I think for this to happen, there needs to be a tutorial somewhere explaining what shared is supposed to do (there were so many ideas thrown around that I don't remember them all and don't know which ones got adopted), and how much of it is already implemented.
December 17, 2009
Andrei Alexandrescu Wrote:

> 
> But let's not forget we have concurrency ahead of us. I encourage you all to chime in with your thoughts and ideas regarding all aspects of concurrency. The recent multicore performance bug is a great starting point. If you try e.g. shared and it's broken, let us know. If you try it and it works, push it til it breaks. If you have ideas on how to make semantic checking better, pipe up.

I posted several shared issues to the NG a few days ago and got no replies.
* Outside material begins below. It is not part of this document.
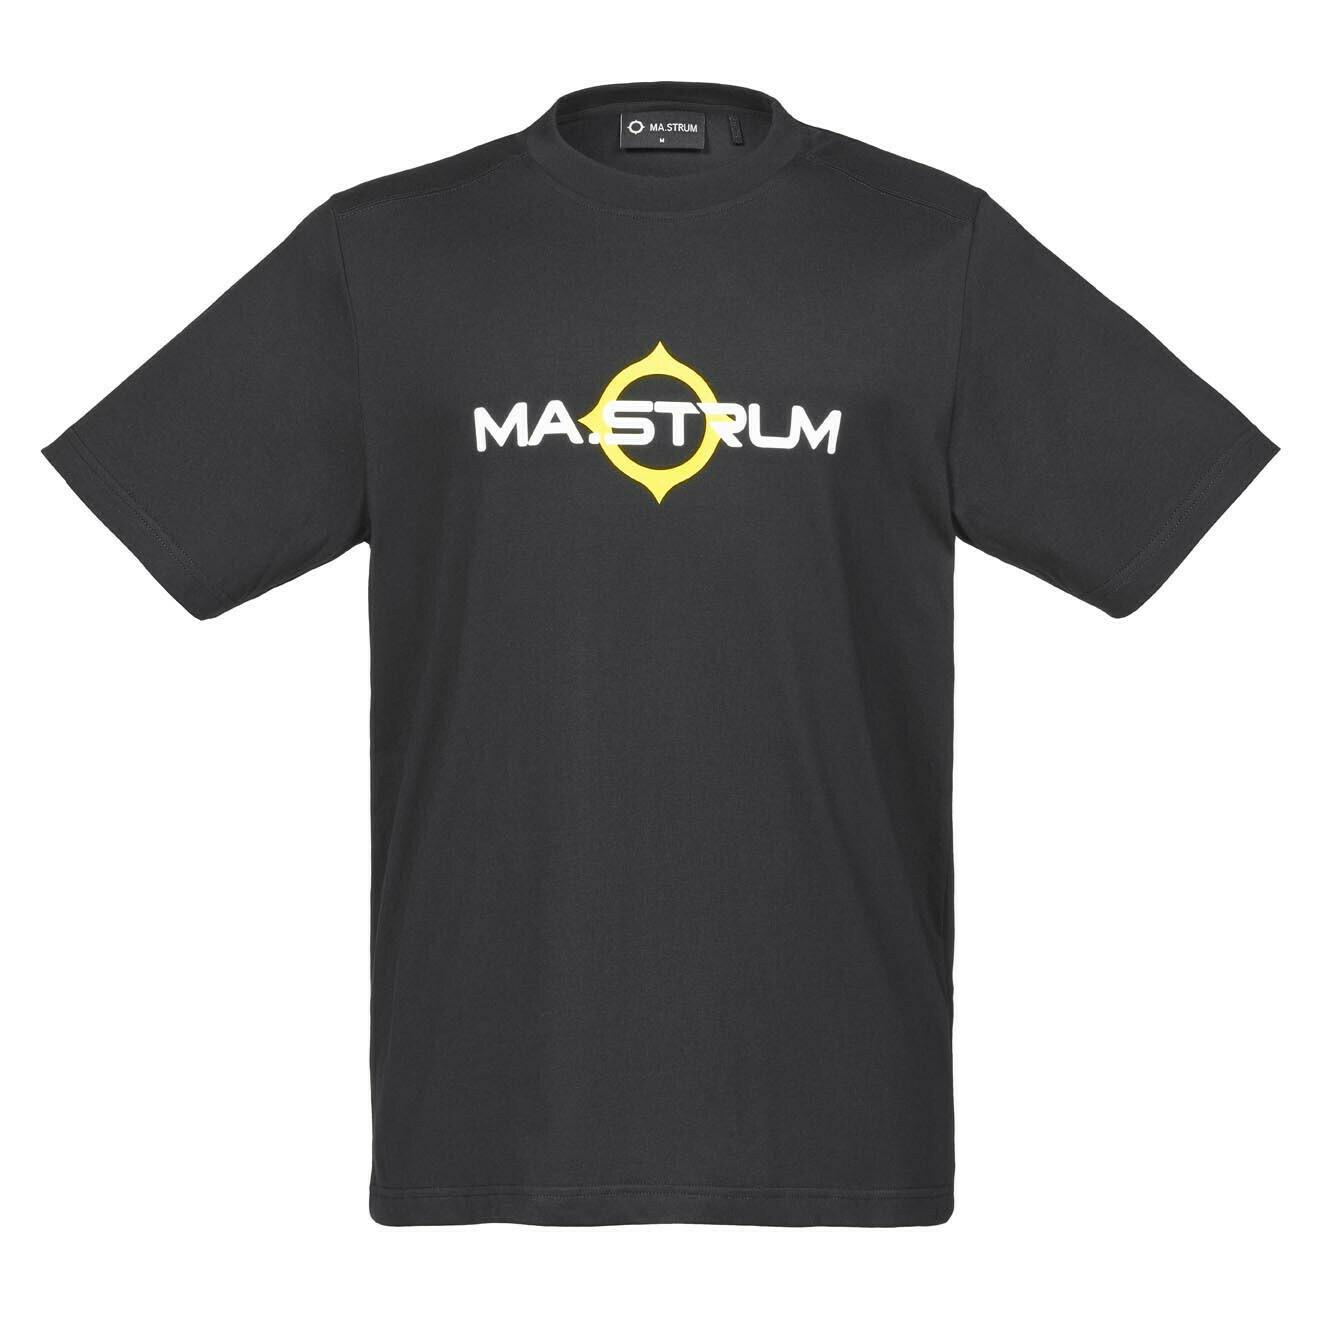 Mastrum | SS LOGO PRINT TEE | Jet Black

Most of it was about poor error messages (both misleading text and missing file/line numbers). I should do proper bugzilla entries but haven't tinkered with D much since. As always, this post comes from my phone instead of a proper computer, or else I'd provide a link or do the bugzilla entries while I'm thinking of it.
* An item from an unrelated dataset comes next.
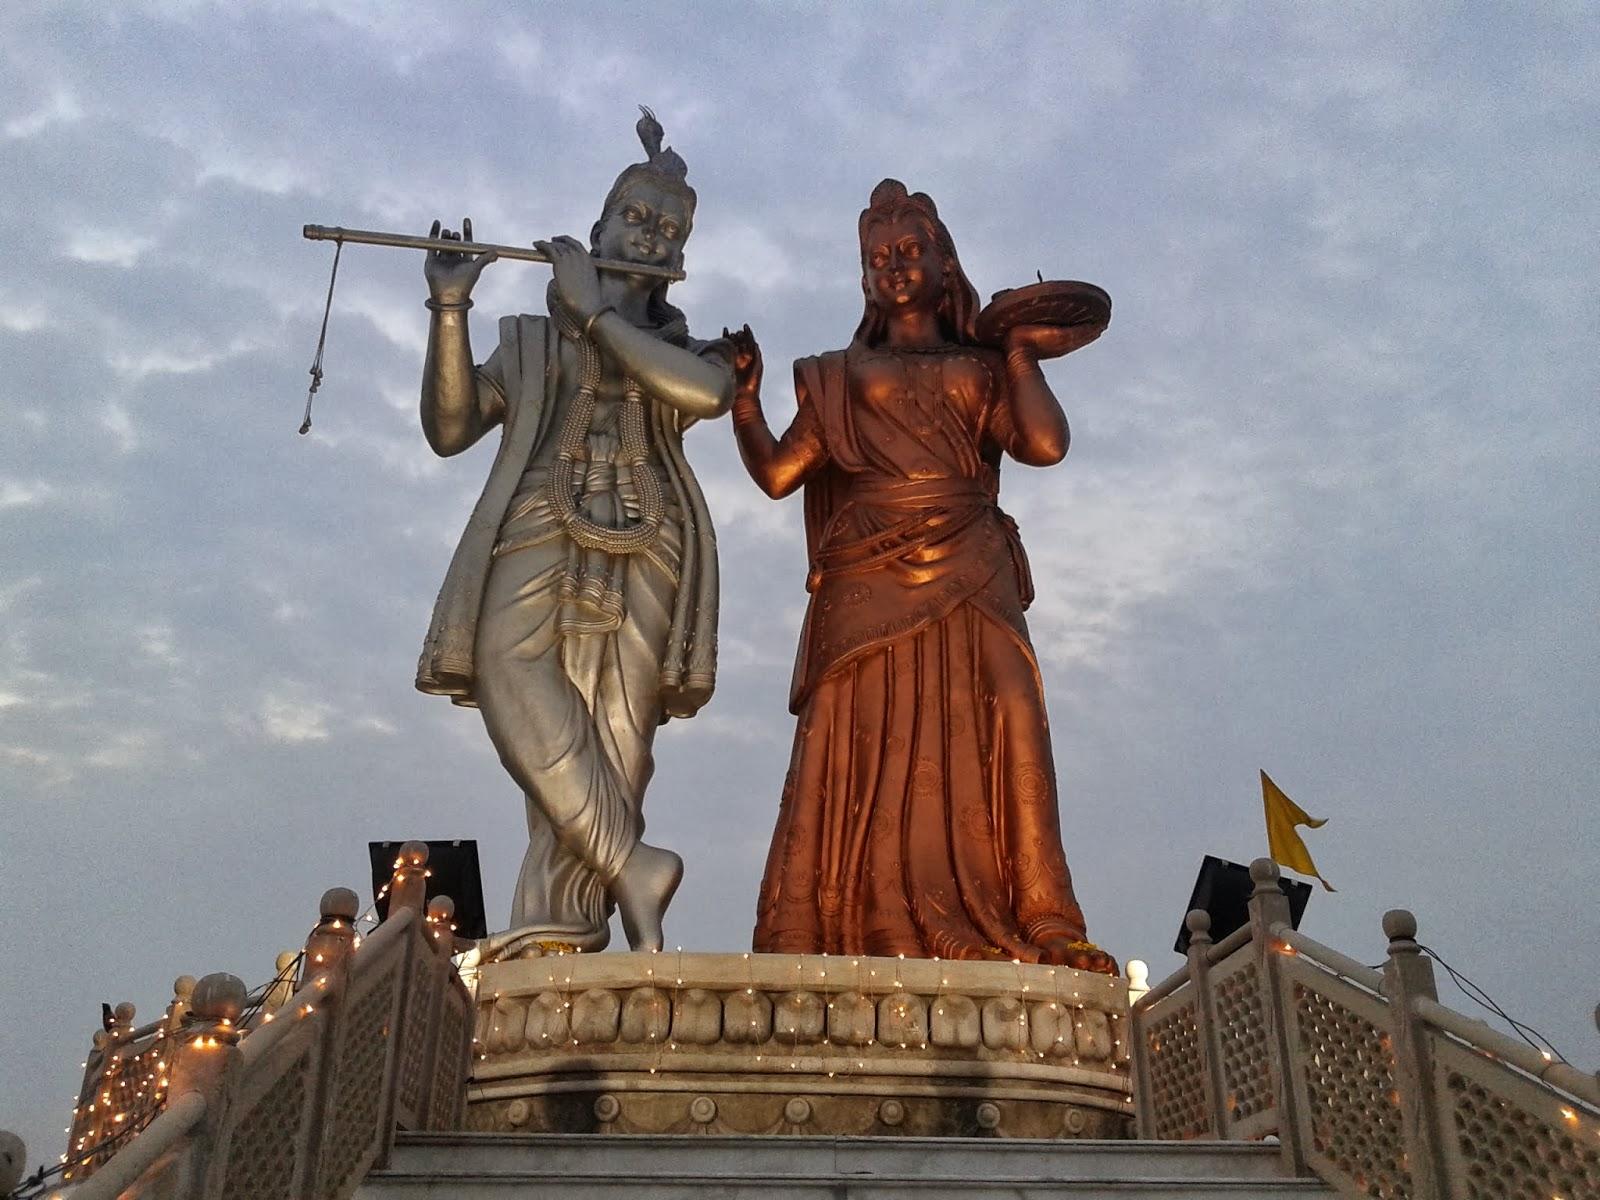 Related to marble krishna statues radha krishna statue gmb

IIRC, the most troublesome error happened when I created "shared this(){...}" constructor and no information on where it caused errors.

> 
> Andrei

December 17, 2009
Jason House wrote:
> Andrei Alexandrescu Wrote:
> 
>> But let's not forget we have concurrency ahead of us. I encourage you all to chime in with your thoughts and ideas regarding all aspects of concurrency. The recent multicore performance bug is a great starting point. If you try e.g. shared and it's broken, let us know. If you try it and it works, push it til it breaks. If you have ideas on how to make semantic checking better, pipe up.
> 
> I posted several shared issues to the NG a few days ago and got no replies. Most of it was about poor error messages (both misleading text and missing file/line numbers). I should do proper bugzilla entries but haven't tinkered with D much since. As always, this post comes from my phone instead of a proper computer, or else I'd provide a link or do the bugzilla entries while I'm thinking of it.
> 
> IIRC, the most troublesome error happened when I created "shared this(){...}" constructor and no information on where it caused errors. 

Thanks, Jason. I did see those messages but I didn't want to dilute focus back when you posted them.
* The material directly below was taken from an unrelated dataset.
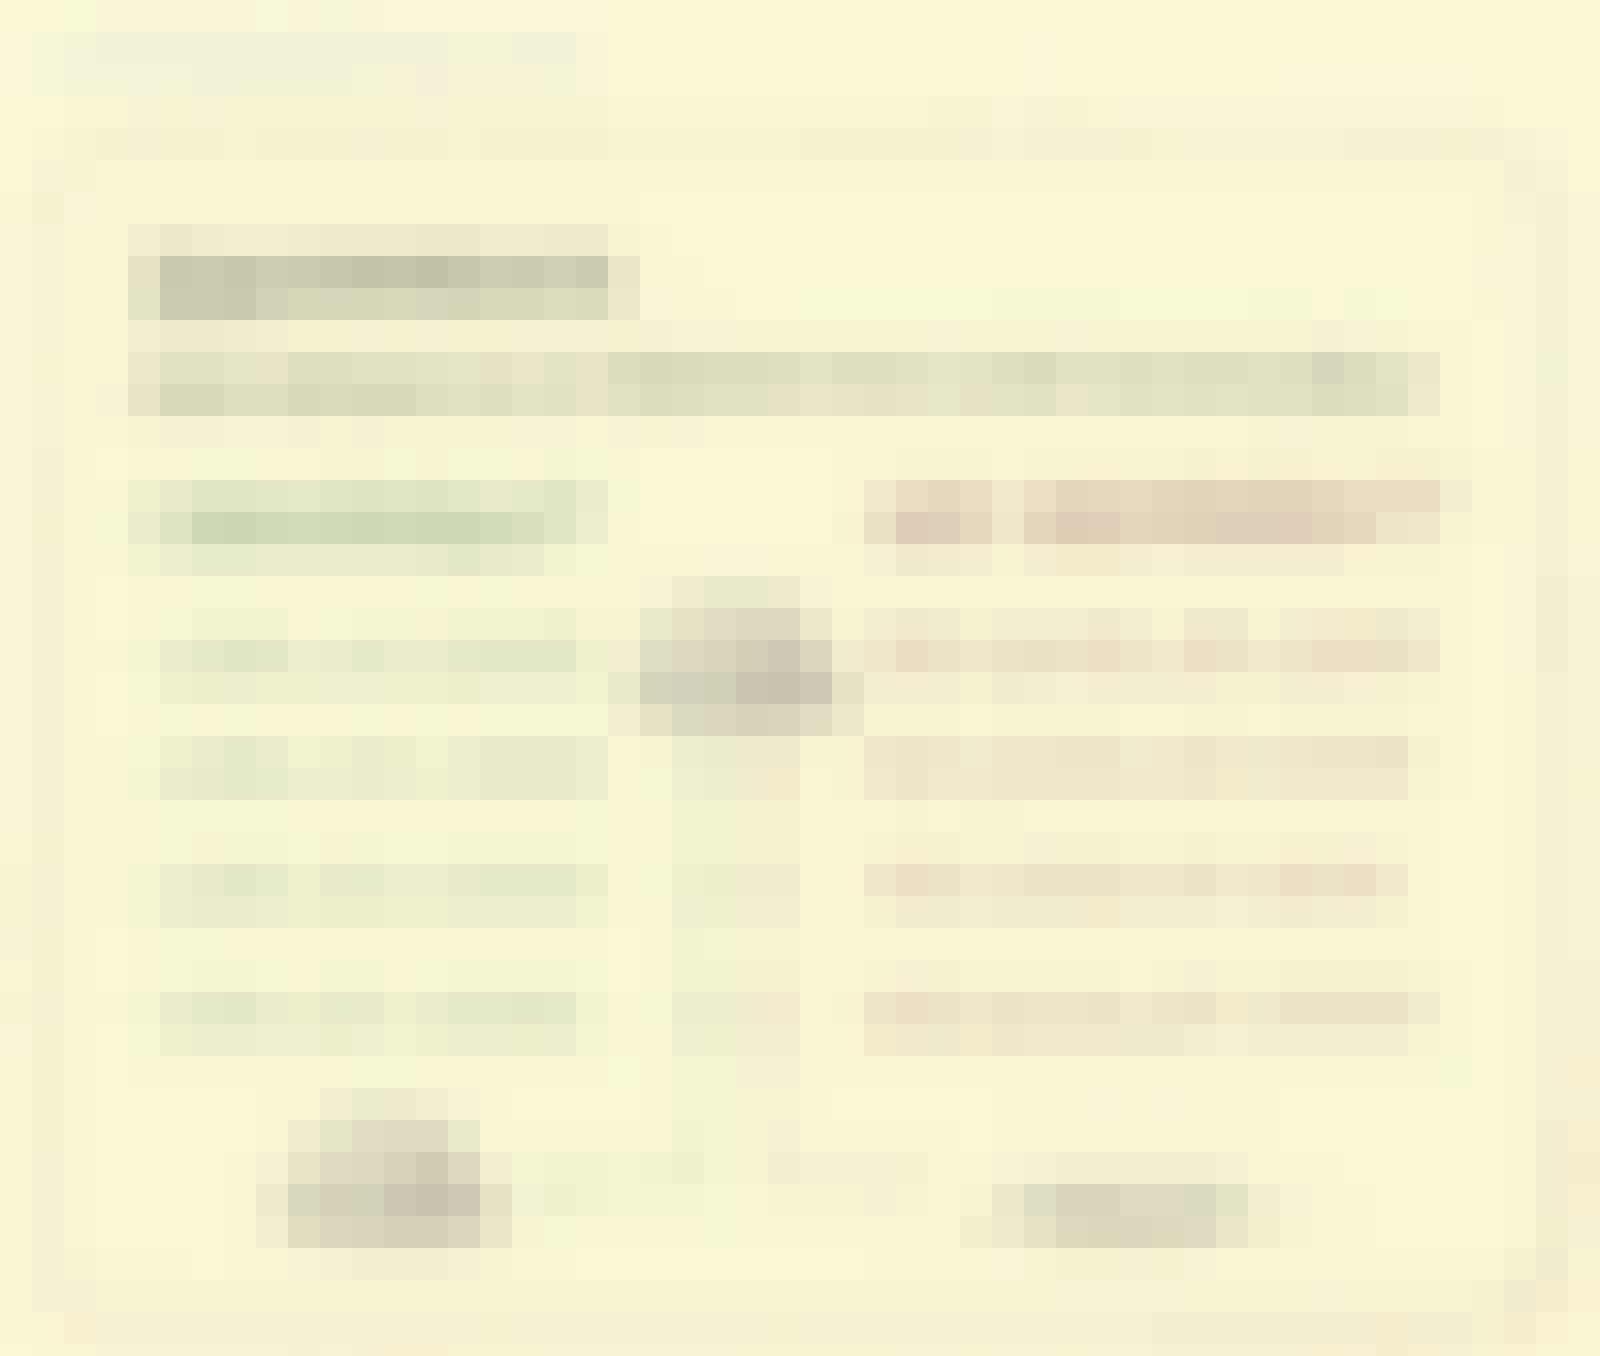 Idempotence - Sketchplanations

If you could put together bugzilla entries as you try things, that would be great. The shared constructor I'll experiment with first.


Andrei
December 17, 2009
On Thu, 17 Dec 2009 01:13:36 +0100, grauzone wrote:

> Andrei Alexandrescu wrote:
>> But let's not forget we have concurrency ahead of us. I encourage you all to chime in with your thoughts and ideas regarding all aspects of concurrency. The recent multicore performance bug is a great starting point. If you try e.g. shared and it's broken, let us know. If you try it and it works, push it til it breaks. If you have ideas on how to make semantic checking better, pipe up.
> 
> There's a guy on the NG who posts once in a while how broken shared is and how he has to use __gshared instead. His threads are being pretty much ignored.
> 
> And now?
> 
> 
>> Andrei

I'm certainly in that category. I will be trying (soon) to put a post together that sets out my issues with 'shared'.